March 21, 2024
Source: Public Domain
Of all the lovely things and habits that Big Tech has deprived humans of by turning us into electronic robots, the one I miss the most is the love letter. Those sleepy types who go by the name of millennials have declared letter writing over, with the great majority of them ages 18 to 35 proudly admitting in a recent poll that they have never written an epistle, let alone a love letter.
So, what else is new? All one needs to do is look at these freaky types staring into their smartphones, their mouths half open and their eyes half shut, to know they will never sit down and write a love letter to someone of the opposite sex. In Britain, the leader of the opposition, Keith Starmer, and soon-to-be prime minister, could not even answer when asked in Parliament to define what is a woman. He was so scared of the trans lobby that he hemmed and hawed and never answered.
Well, a woman is a person a man writes love letters to, and if this sounds very old-fashioned to emoji users, that’s just too bad. Defying modernity is the coolest of the cool, so if any of you young whippersnappers out there are having female problems, just sit right down and write her a love letter. The power of the love letter is incredible, and no member of the weaker sex has ever been able to resist it. And no member of the fairer sex has ever sold the love letter short. In fact, I shall go as far as to call the love letter the neutron bomb of heterosexual, romantic sex.
One lady of my acquaintance once wrote that in a case of fire she would first save her love letters and to hell with her jewelry. (You can always get new jewels.) She called love letters the campaign medals of youth, “infinitely varied in design and execution, one off, and made to measure.”
Personally, I have not received many love letters, but I have sure sent my share. All of them have been written at night, under the influence, and while exasperated with unrequited love.
In a real love letter, punctuation and grammar don’t matter all that much—the tone is all. In fact, if the besotted one wrote a perfectly constructed letter, he or she would not be as besotted as they think they are. The effort required to convey one’s feelings with precision is what makes the love letter difficult to write. The greatest and most tragic of poets, John Keats, may have died a virgin, but his letters to Fanny Browne were as good as his poems.

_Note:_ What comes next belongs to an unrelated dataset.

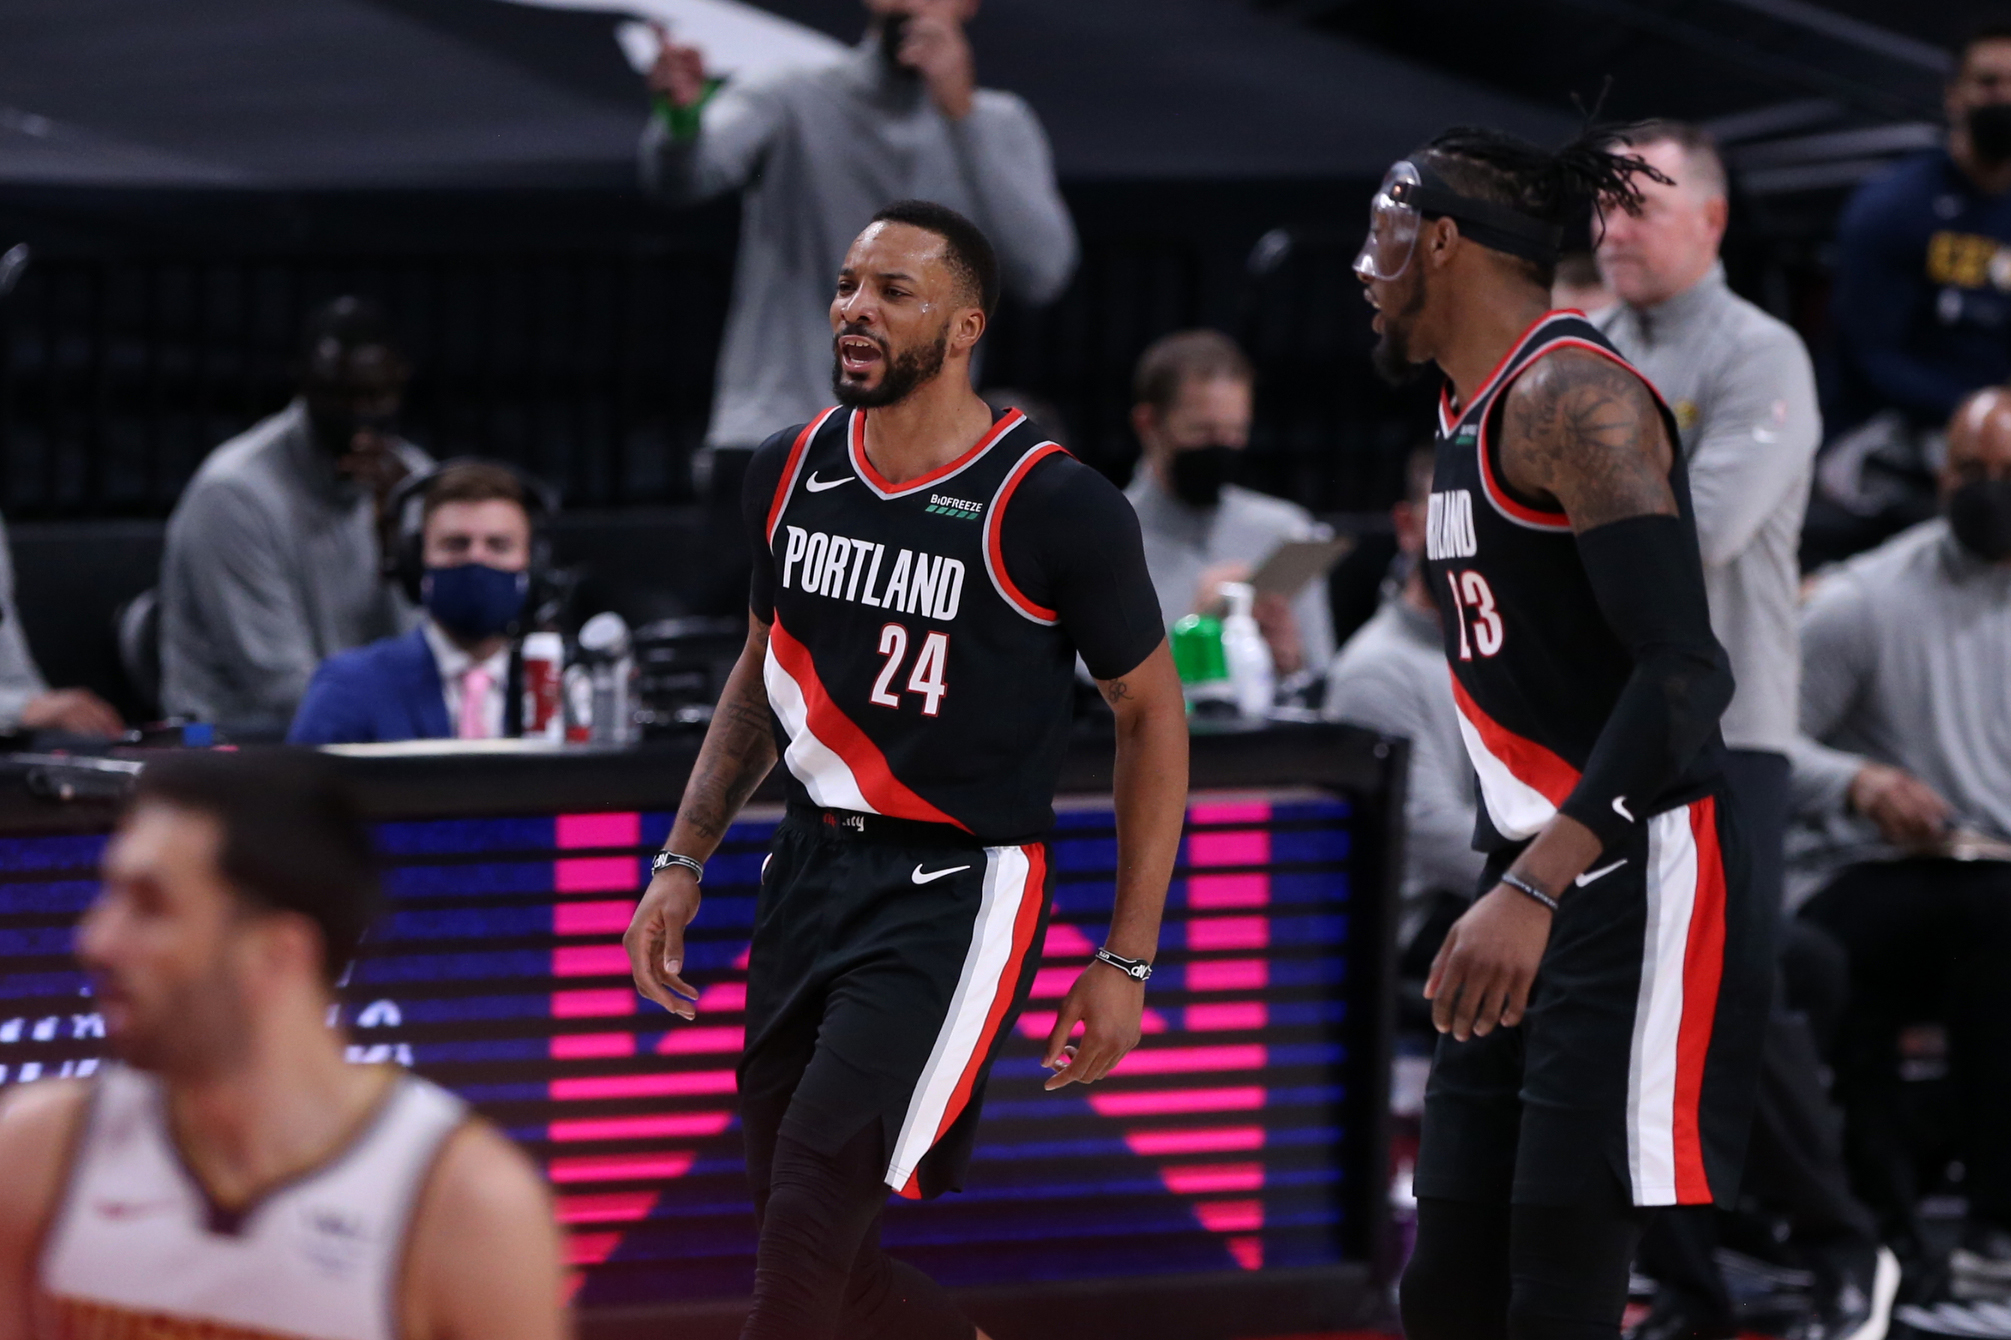 Norman Powell tells Yahoo Sports he's declining player option

A love letter is a poem of sorts, like a fine madness compelling the writer to say things he or she would otherwise never say. Napoleon wrote nonstop love letters to Josephine, always complaining that she did not love him. The great Napoleon was right. Josephine was always cheating on him while he was away in Italy and Egypt fighting wars.
Because of modern technology, the love letter has gone the way of good manners. And that is a great pity. Love letters stay forever; telephone calls are gone with the dawn, even if they are recorded. I wrote my first love letter to a famous movie star and waited by the telephone for an answer. When she rang, the first question was how old I was. I added seven years to my 18. It worked. As in the famous movie, it was the start of a beautiful friendship.
Eventually, I patented one love letter and used it freely. It is called the R&J letter. It goes something like this: “Dear X. There’s a marvelous line in Romeo and Juliet when Romeo—having avenged Mercutio’s death—is advised to flee Verona. “But Heaven’s here, where Juliet lives,” he cries. However corny and sudden this may sound, this is how I’ve felt for you since the moment I met you. Love, T.”
Needless to say, one time two ladies who had received love letters from me decided to compare notes and realized that only the names were changed. I became a laughingstock. Never mind. You can’t win them all. After sixty years of writing love letters, I think I’m way up front. Hang up, sit down, write a good love letter, and give me some credit once they work. Just don’t type them or use the dreaded internet. Use pen and paper, no ballpoints, and no scent if you’re a man. Ladies are free to pour it in. Good luck.